Afraid she'll lose 'Auntie'

Reed said she'd had a 7-year-old girl in her office Friday, weeping because she feared her "Auntie" would be arrested and deported.

And while the mayor said the parents of such children place them at risk, "My God, what happens to the kids?"

Concerning declaring Forks a sanctuary city, Reed said no one officially had posed the idea to her or the city council.

"I'm not sure what our legal standing would be," she said.

But she was certain the issue of illegal immigration has divided Forks citizens.

"You have those people who are trying very hard to live up to their moral perception that they need to do something to help these folks," she said.
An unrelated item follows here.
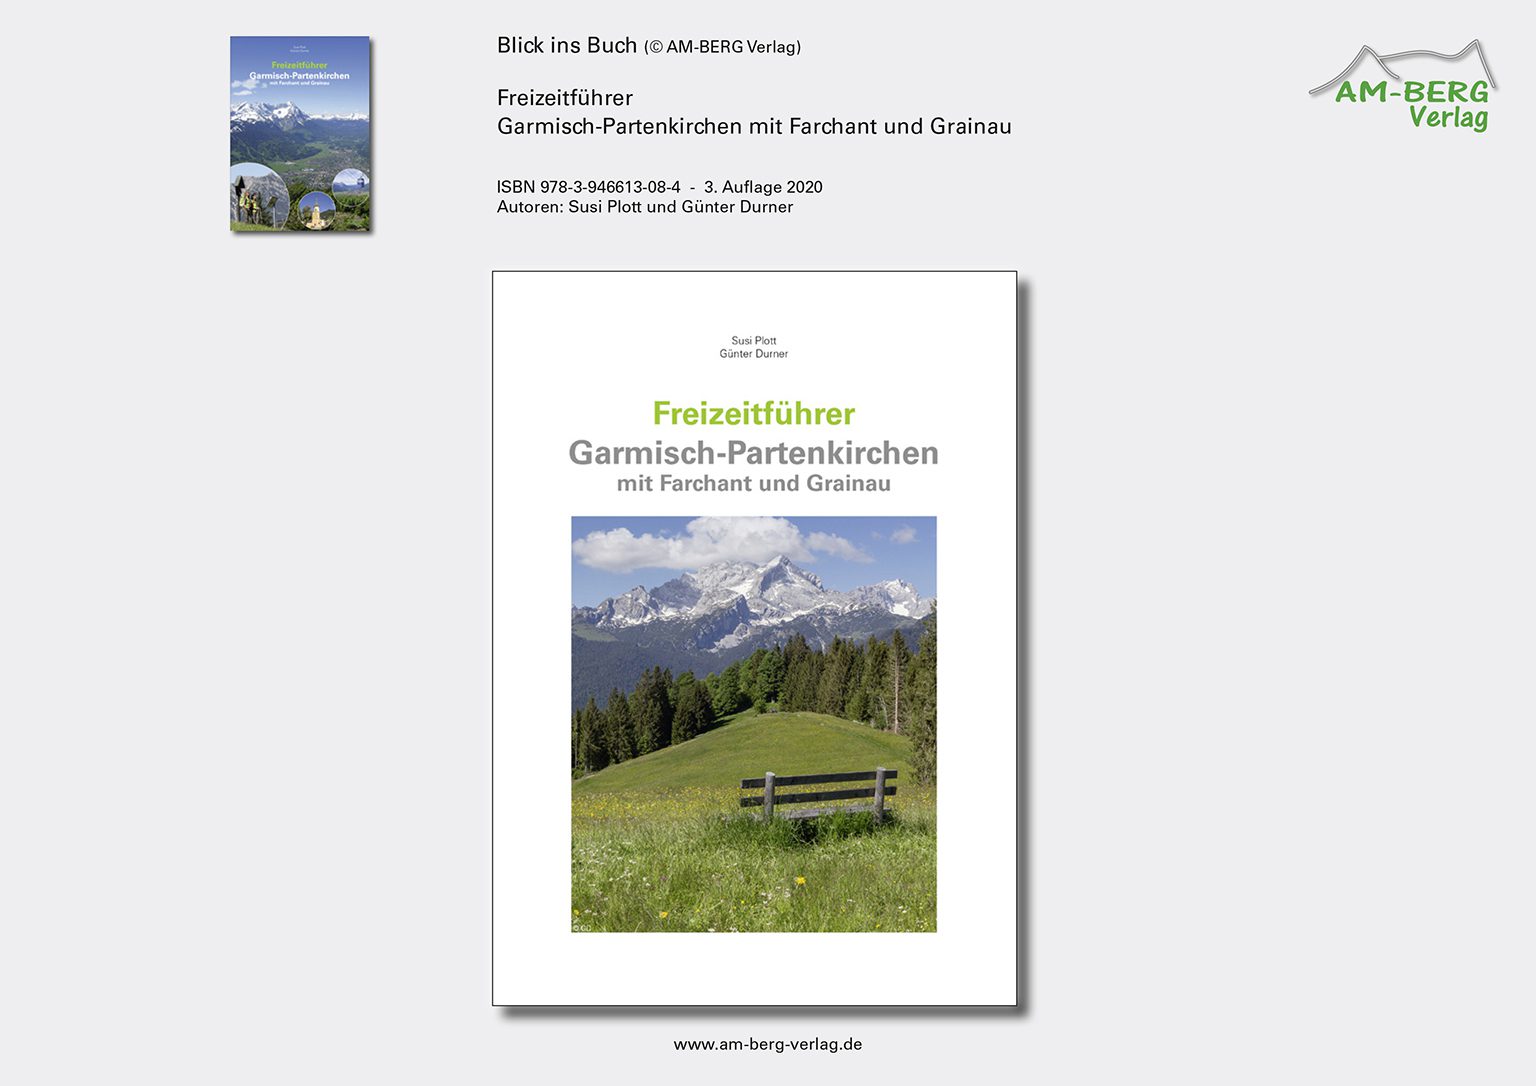 Freizeitführer Garmisch-Partenkirchen mit Farchant und Grainau_BlickinsBuch01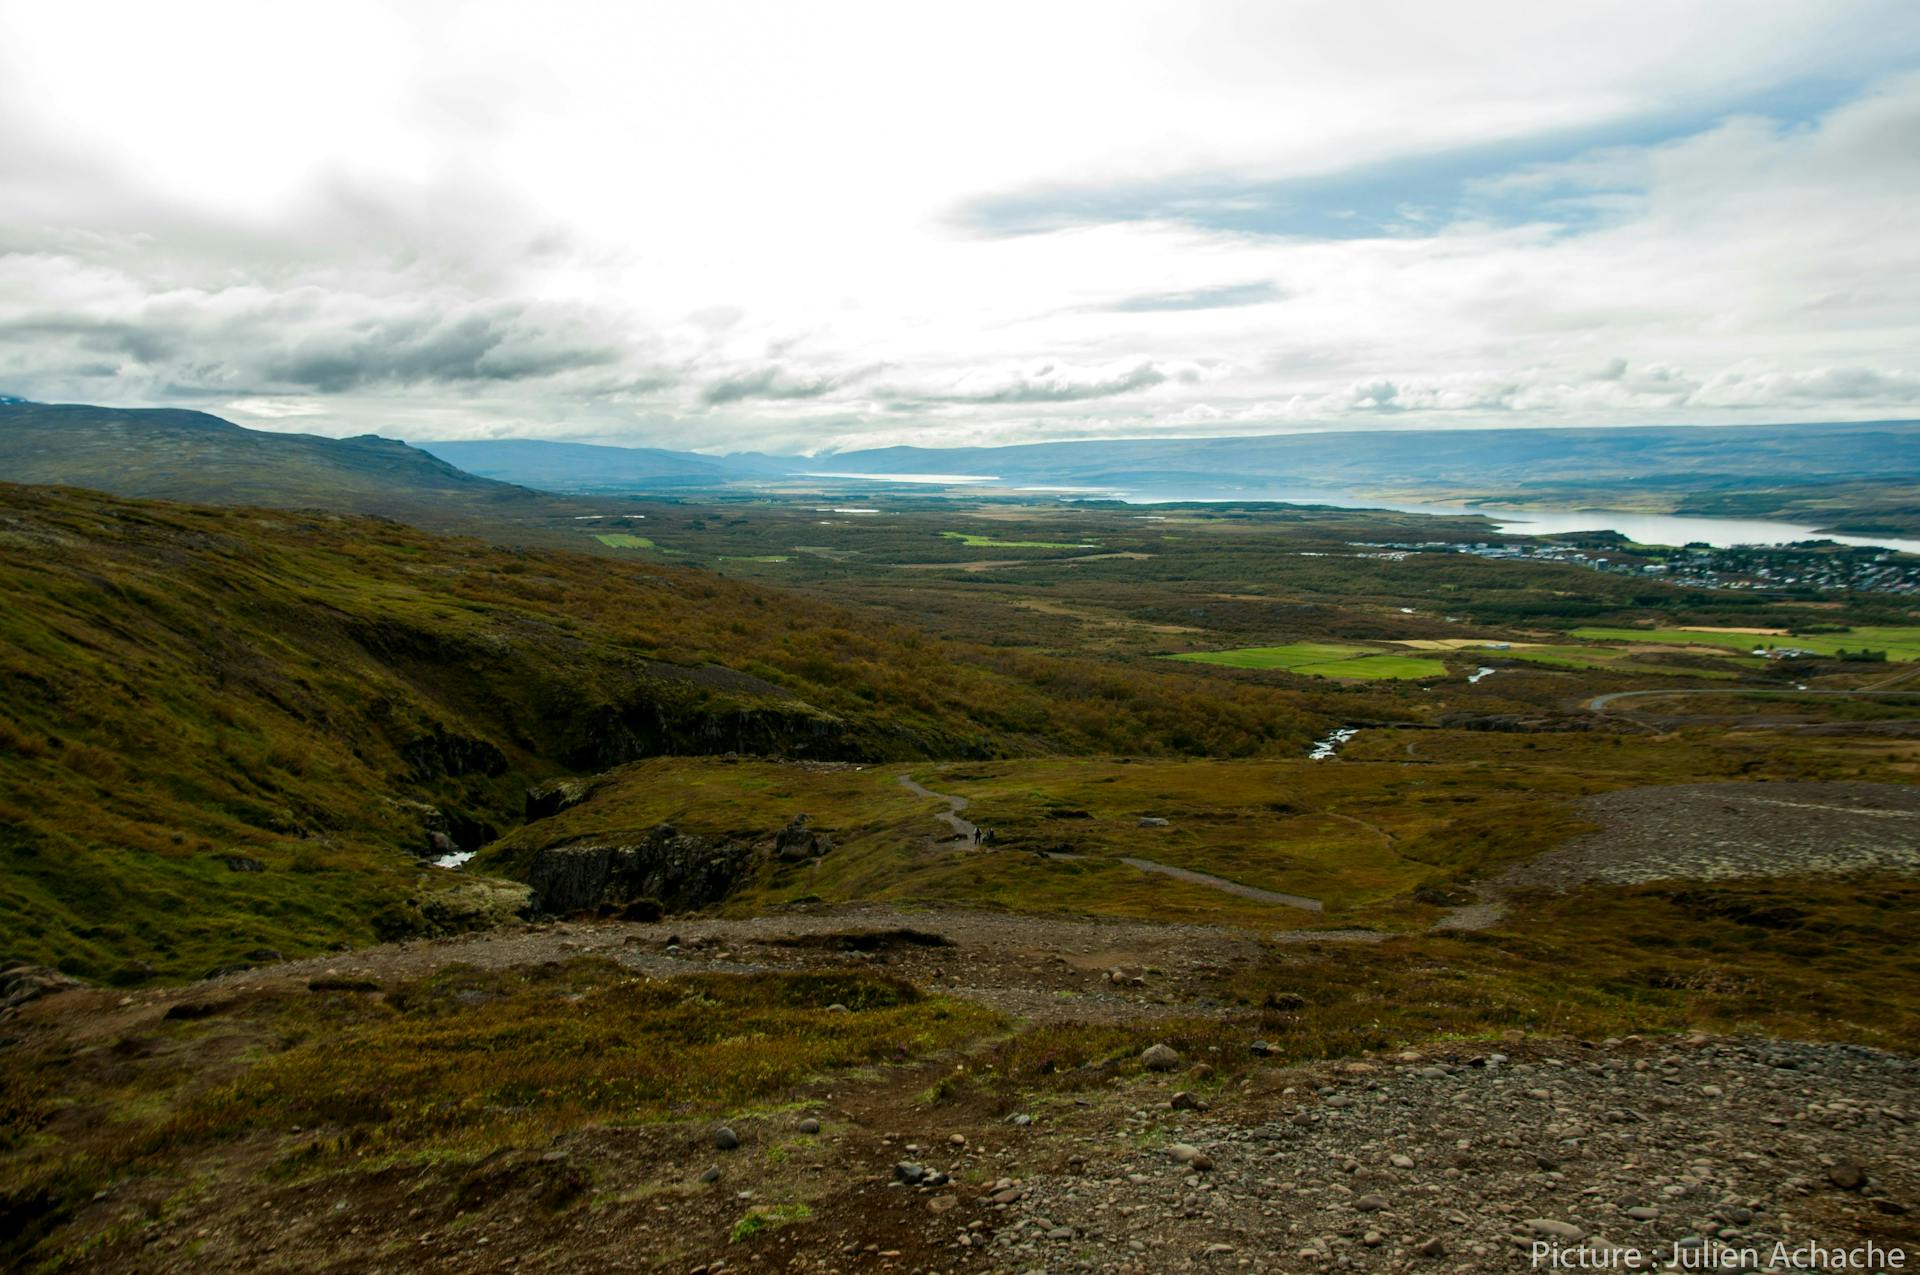 The described view on Egilsstadir, east Iceland

Other residents are in favor of deporting illegal immigrants immediately, she said.

Reed angry at Congress

As for the Border Patrol, Bermudez said agents have no choice but to arrest people they find are in the country illegally.

"We are obligated to take action," he said. "We swore an oath.

"It would be malfeasance if we did not do our job. It would subject us to punitive action."

Forks was the scene of a march by 700 people protesting immigration policies on May 1, 2006. Since then, its city council has had presentations from the Border Patrol on its policies and performance.

Reed, however, is angry — at Congress.

"We need a federal immigration policy," she said.

"Our federal government and our Congress have got to do something about illegal immigration.

"We hired them to do a job. We hired them to make the tough decisions."

As for the fate of Carlos Bernabe, Reed said Friday, "I've been waiting for a call all day and I've received nothing. It's so frustrating.

"We'll begin the process again on Tuesday."